Abstract

We re-examine foreign investment risk-mitigating effects of firm experience and equity stakes using an empirical context largely ignored by international business (IB) research: project investment companies (PICs). PICs permit cleaner separation of individual investment project risk from the parent firm, which may otherwise pool risk characteristics from managing multiple projects across different industries and countries. PICs also permit potentially unbiased, prospective risk assessment at the time of a project’s initial announcement based on the mix of debt and equity funding the project. In observing risk at initial announcement, we can also observe risk characteristics for completed and uncompleted projects. Consistent with previous IB research, our analyses of 396 PICs announced in 53 countries from 1990-2006 indicate that investment risk measured as the percentage of equity capital funding a PIC decreases with greater host-country policy stability, lead-investor experience in the host country, and lead-investor equity stakes.
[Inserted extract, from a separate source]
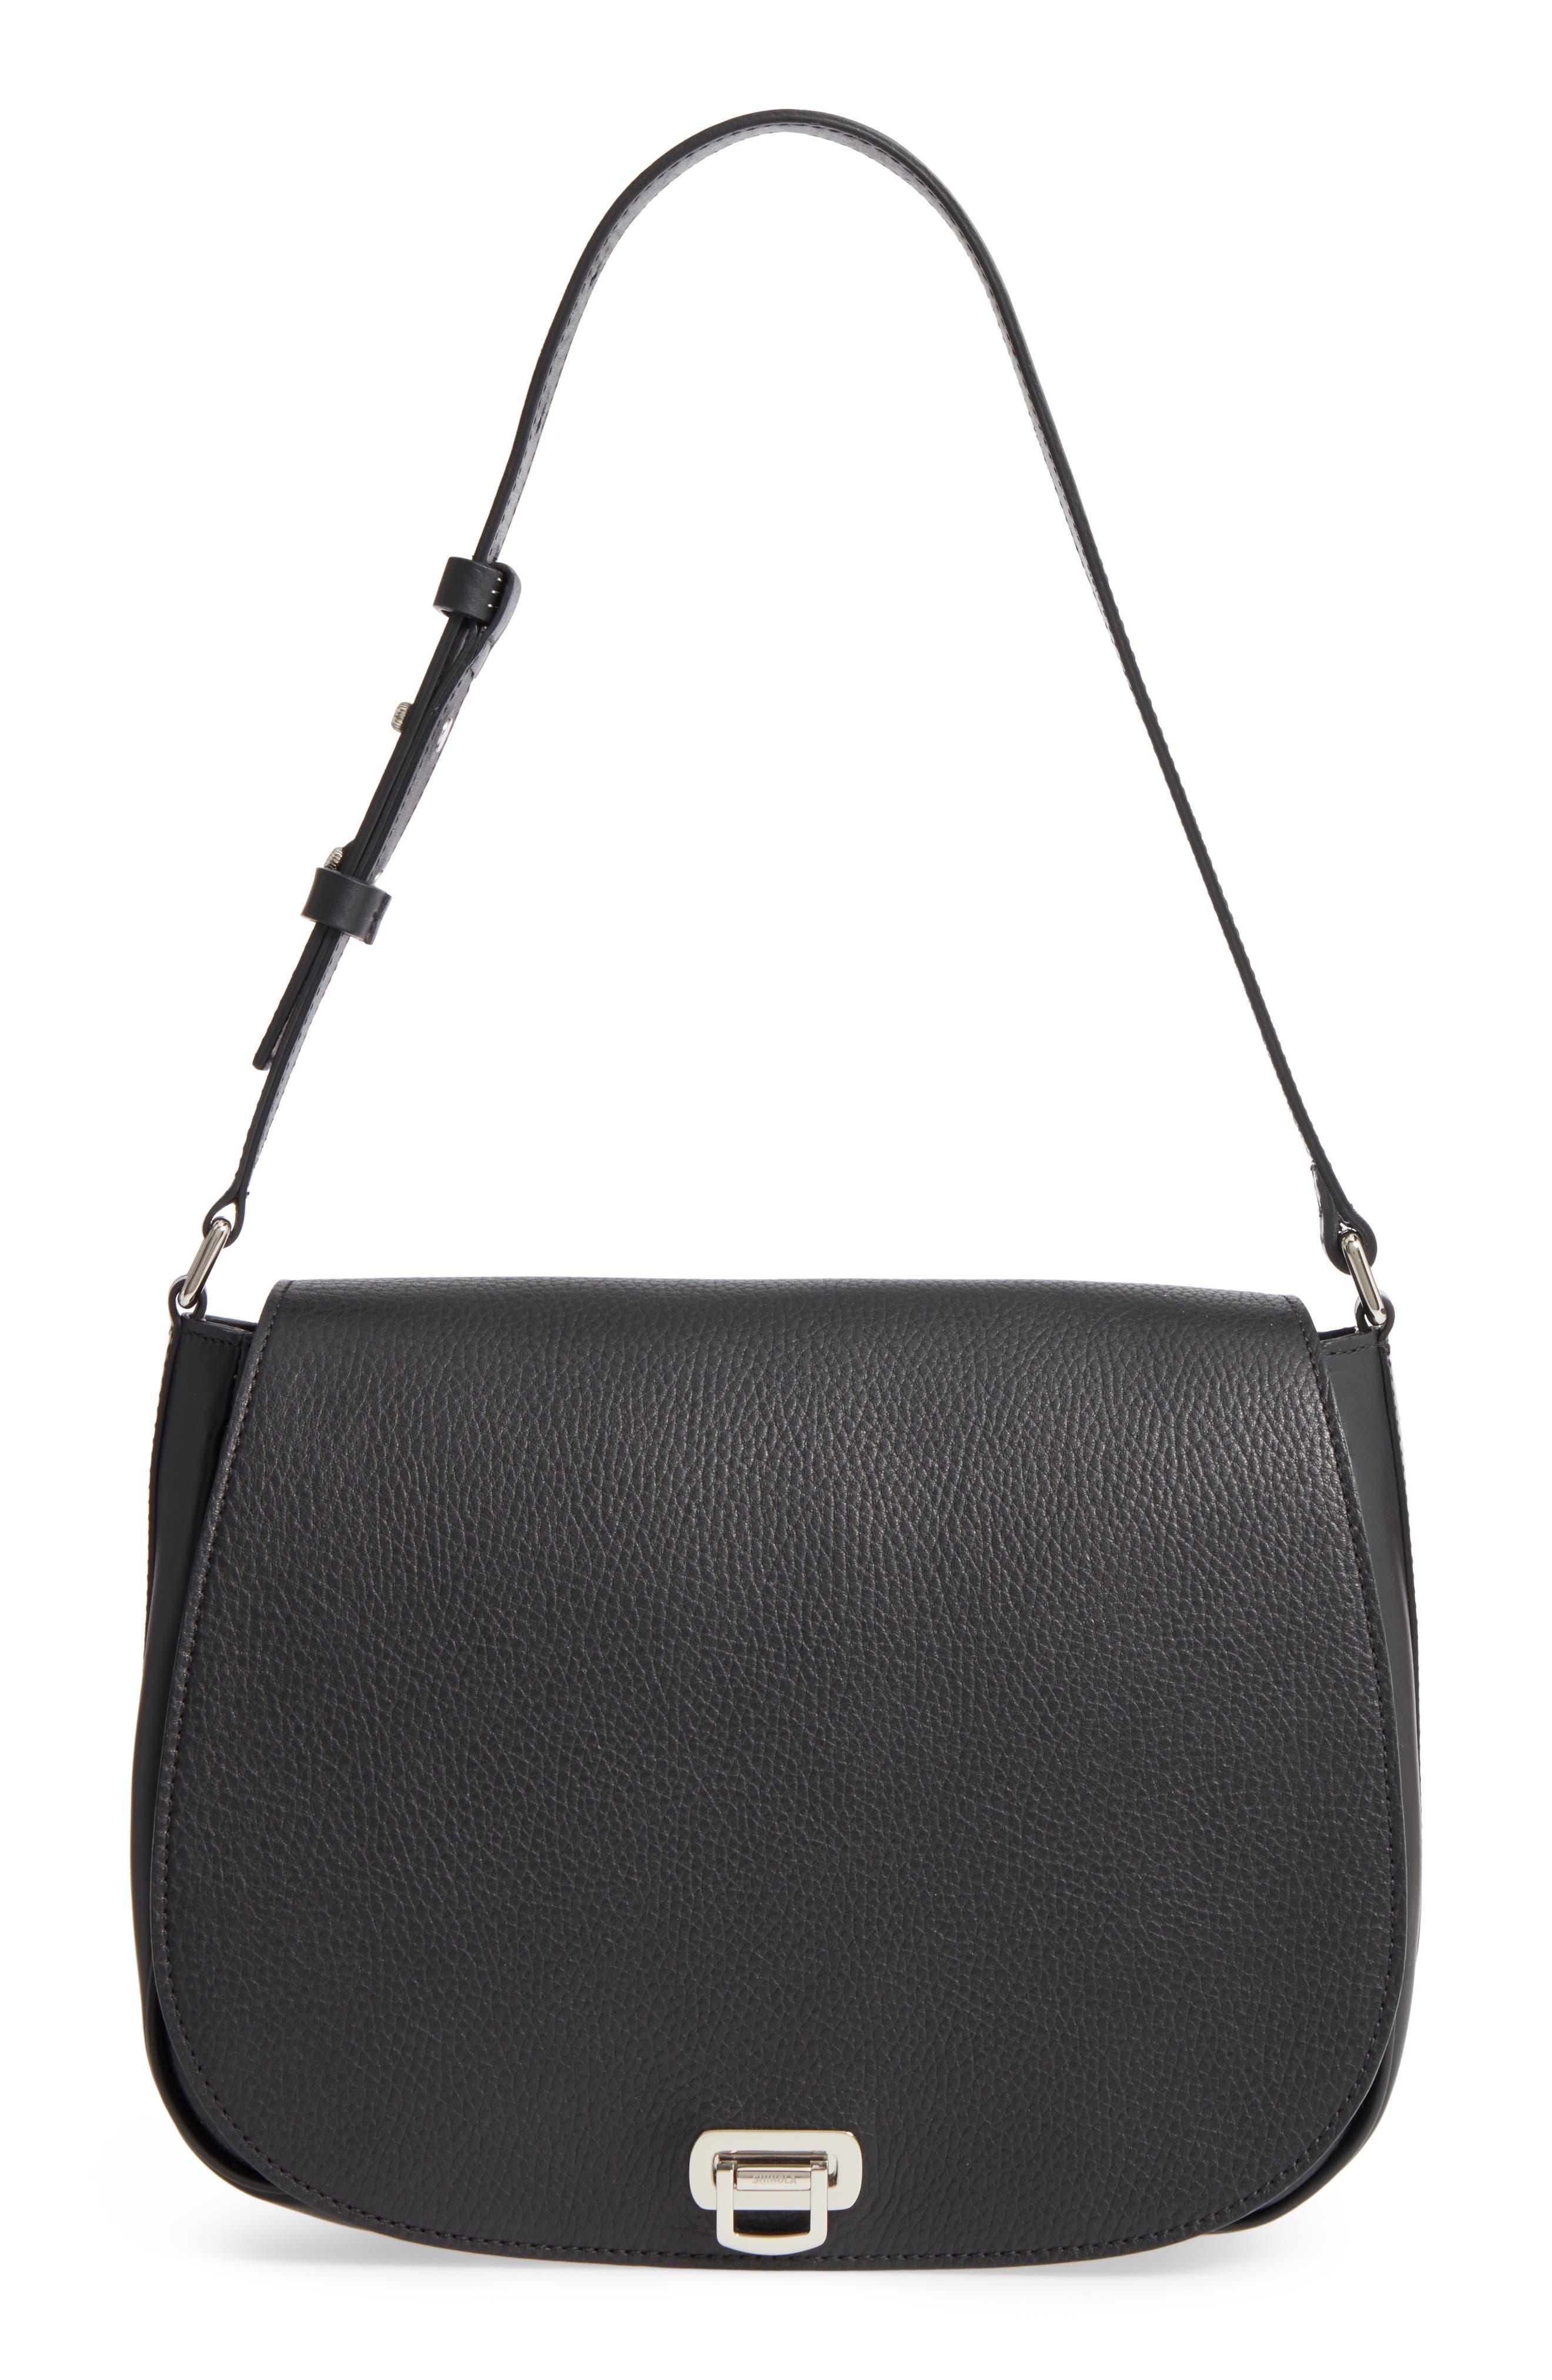 Calfskin Leather Shoulder Bag,                             Main thumbnail 1, color,                             001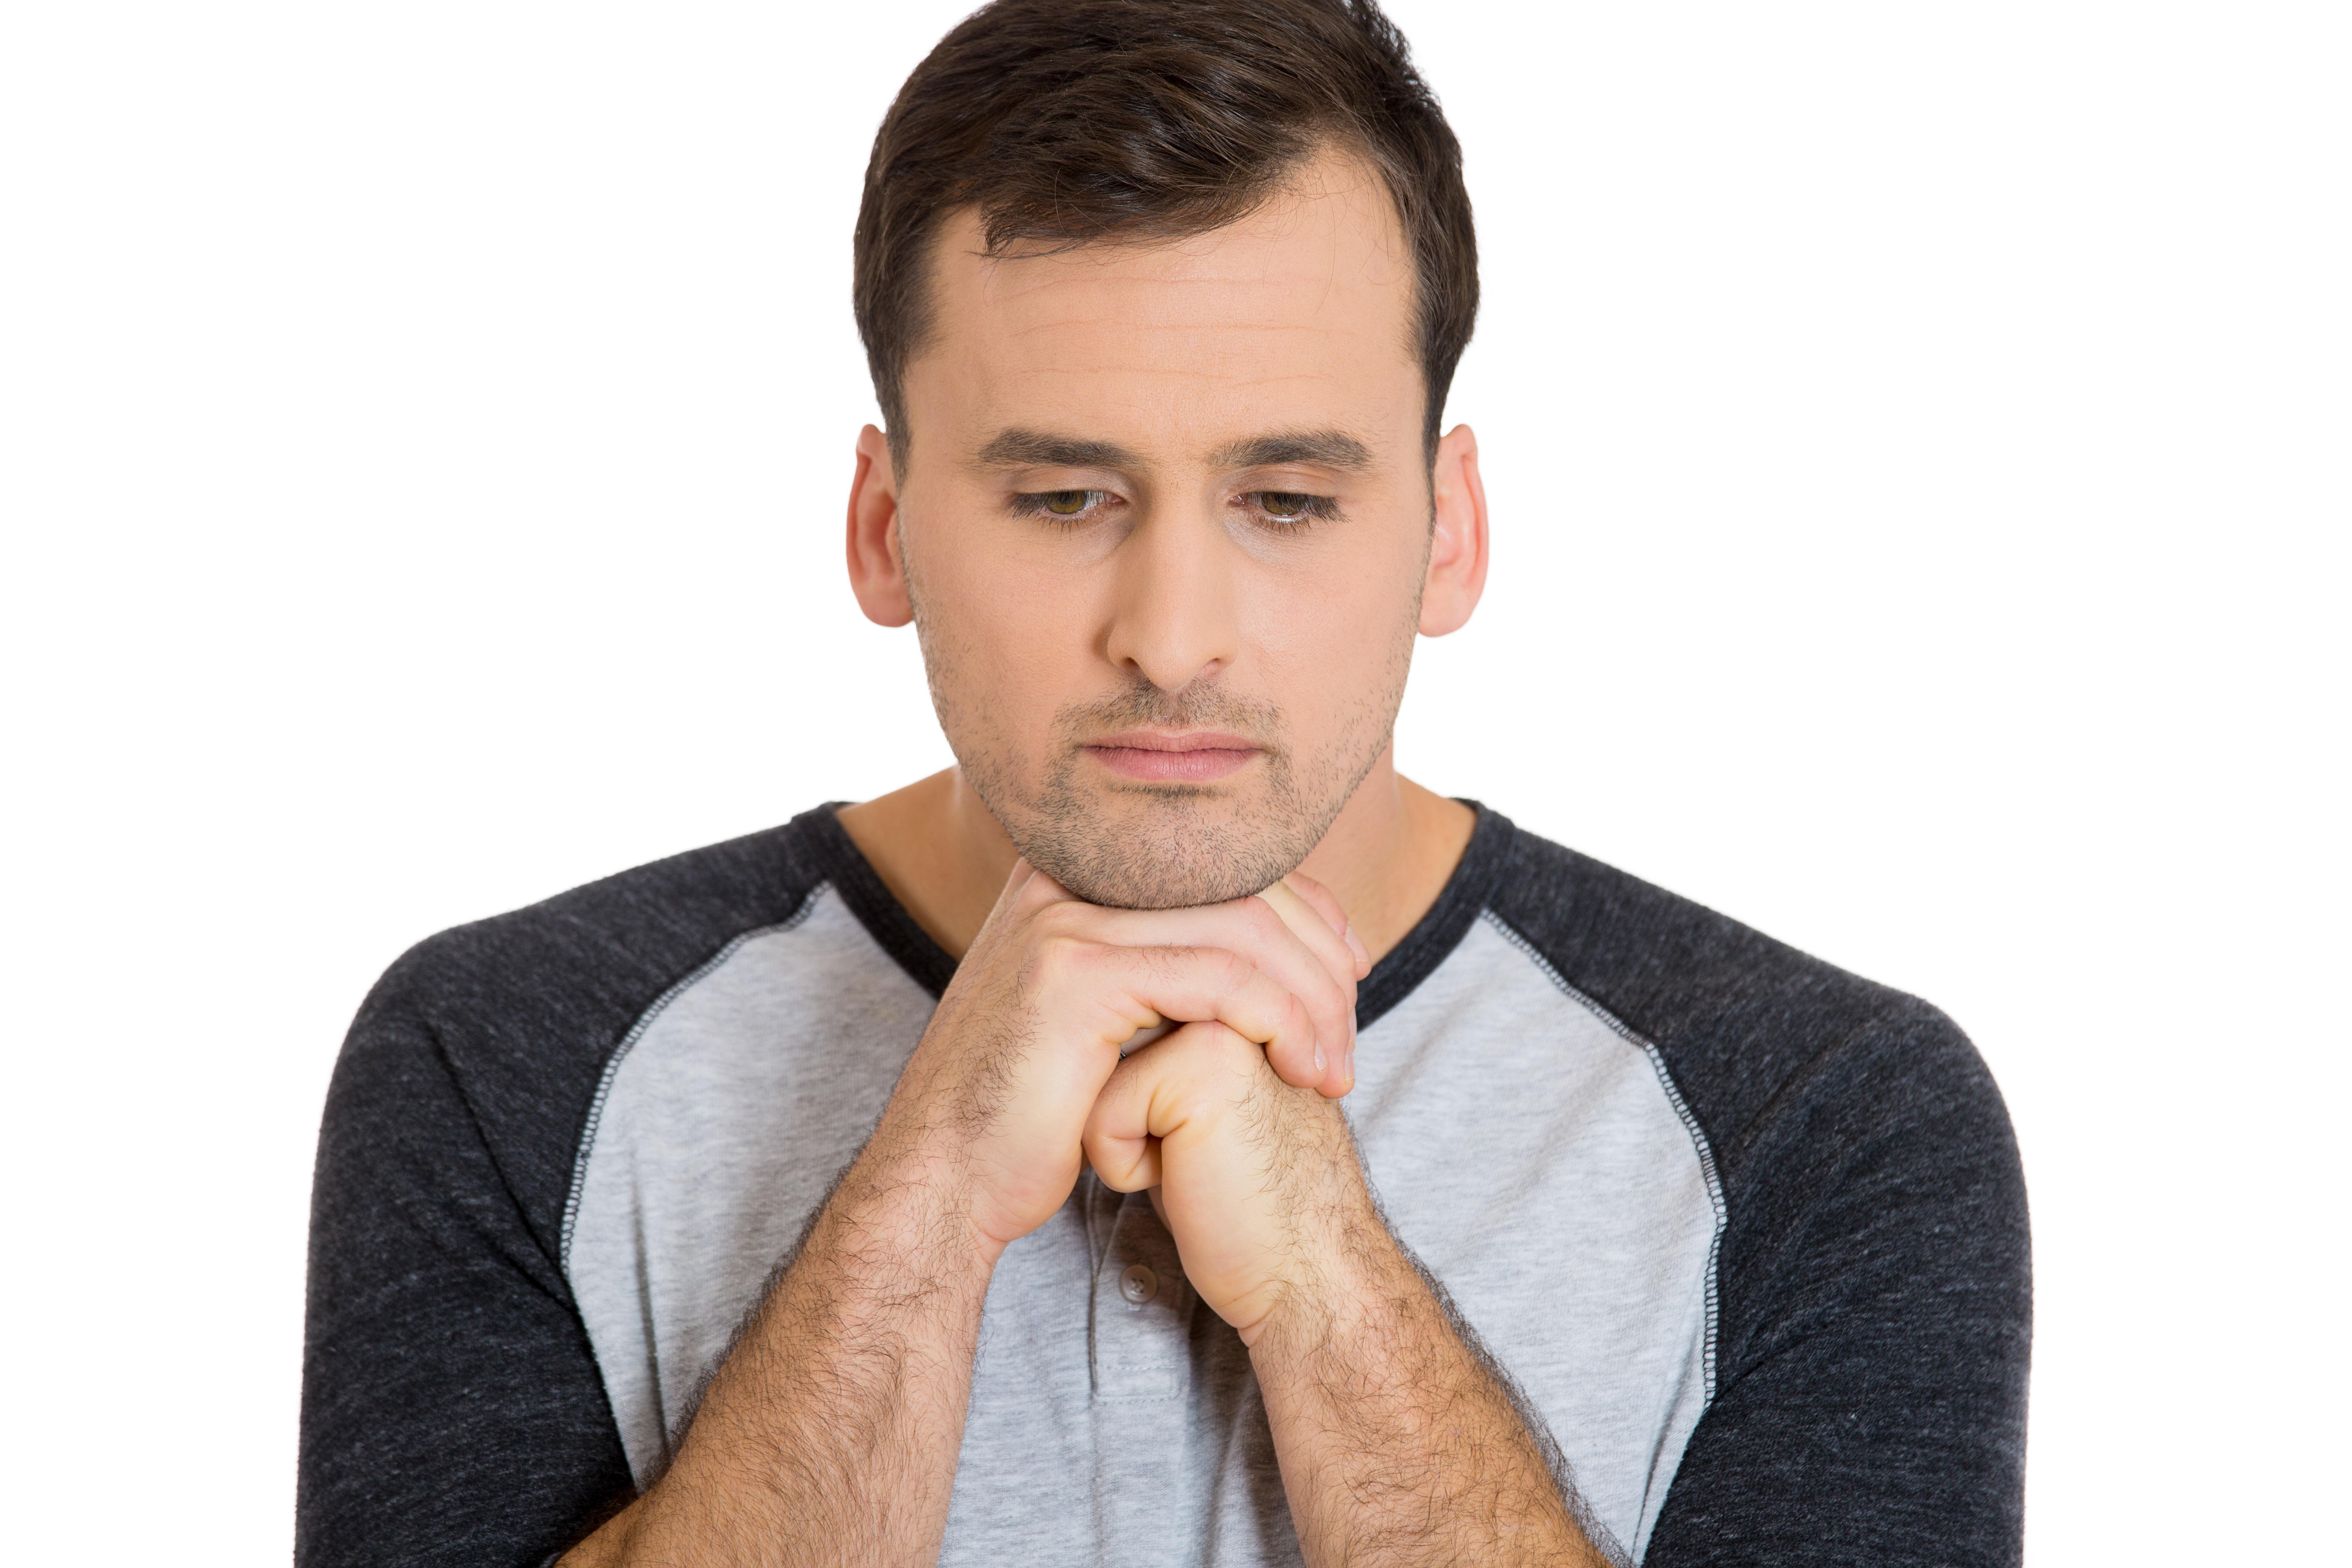 Šta je hronična depresija ili distimija?

But contrary to previous IB research, we find that lead-sponsor experience and equity stakes reduce overall PIC equity less (not more) at announcement as host-country policy stability deteriorates. From a PIC perspective, investor experience and equity stakes are complements to (not substitutes for) host-country policy stability. We confirm these trends with alternative analyses replacing the percentage of PIC equity at announcement with a related risk measure, whether there is a substantial delay in securing financing for the PIC after it is announced. PIC-based evidence complements existing evidence on foreign investment project risk and suggests future research opportunities that might benefit from integrating both evidentiary sources.